Food security has to be a priority here

Better soils
with Brett Petersen
Kiwi Fertiliser & Golden Bay Dolomite

For a country such as China, food security is somewhere near the top of a priority list. The Chinese and others buy land all around the world, but mostly in Africa. For New Zealand, food security does not even feature in the ‘top 1000’ of our priorities.

As our standard of living declines, the Government hides behind ‘cheap food’ to placate the population. But what is cheap food? In short it is a non-food, processed, sugary, fast, imported, chemically-contaminated item which contains antibiotics, Genetically Modified Organisms and/or artificial. In fact it is everything except healthy.

There are also many instances of where diseases have their origins in overseas factory-farming enterprises. These include H1H1 swine flu, numerous bird flus and mycoplasma bovis. They are man-made diseases. Food is designed for commerce, not for health.

To get cheap food, the Government has embarked on a series of Free Trade Agreements where the exporting companies are granted the right to sue a government, at our cost, if those governments legislate in a manner detrimental to the companies’ profits. But what about the rights of our citizens to have healthy and clearly labelled food? Food that will keep them out of hospital, and off legal drugs? Are the costs of medical care, social welfare and other external costs factored into the true cost of cheap food? Absolutely not! In the US, the highest number of bankruptcies have their origins in unpaid medical bills. Ill health cannot be separated from a poor diet.

What about our local food producers? Much of the food in NZ is produced by family enterprises and they are severely affected when Australian-owned supermarkets flood the market with cheap imported vegetables and fruit. Some, especially those with a mortgage, are forced to sell up and exit the industry. The supermarkets’ strategy is to flood the market with imports in the local harvest season and crash the prices, or to stop buying local produce and re-enter the market with very low buying prices.
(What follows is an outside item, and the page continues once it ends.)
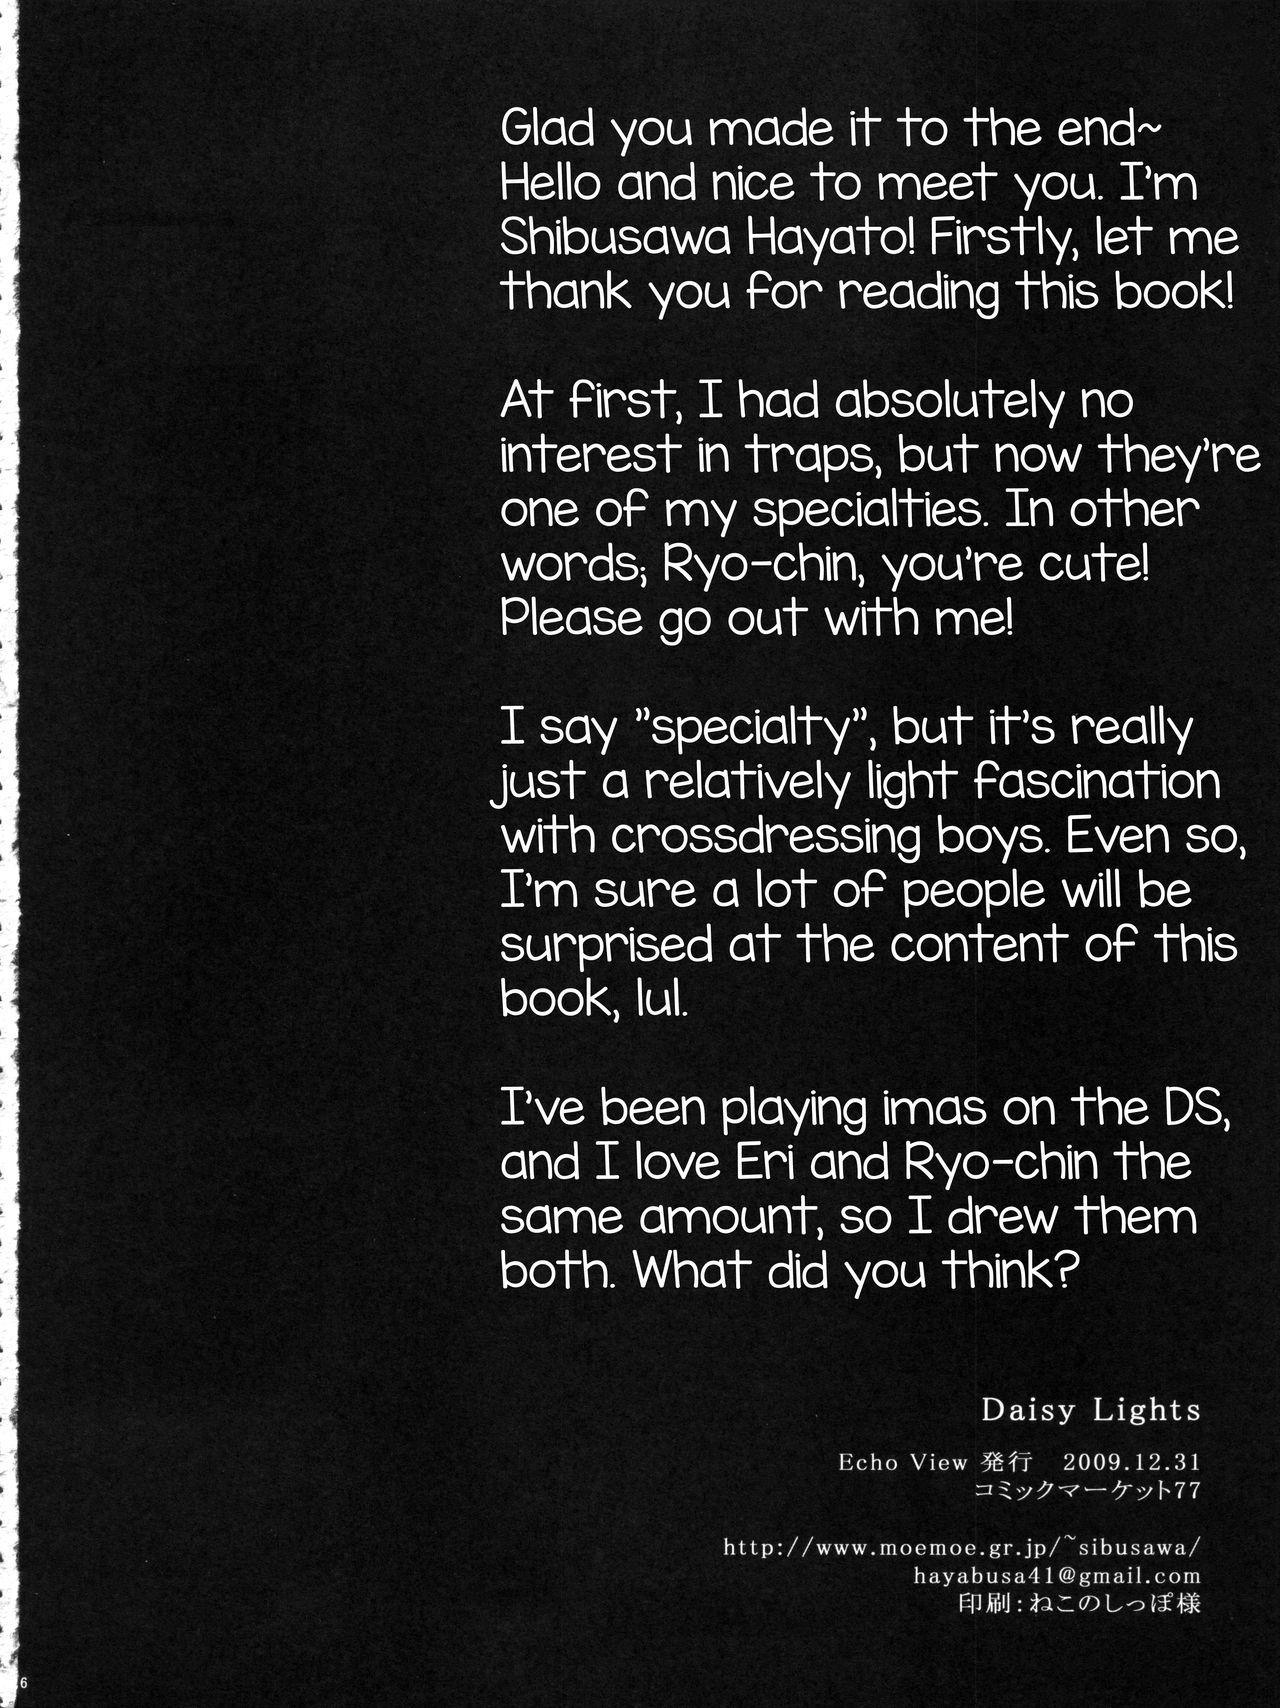 Daisy Lights 25

The Commerce Commission approved the duopoly of Australian supermarkets in NZ. It is not a coincidence that supermarkets are the worst offenders.

For this to happen, the Government has opened the borders for inferior produce while demanding that bacteria, viruses and other potential disease organisms are excluded. Does that sound logical or even possible to achieve? To achieve this goal, irradiation and other health-detrimental processes must be employed. From a consumer’s point of view, those processes must be opposed. Border breaches by organisms are on the increase. We have seen poplar rust, cabbage tree dieback, Dutch Elm disease, myrtle rust and kauri dieback, weeds, insects, snakes and more. We’ve seen PKE-laden ships moved outside the territorial limits to be fumigated, then allowed back in. Government policy is at fault. That policy needs to change in favour of protecting NZ residents.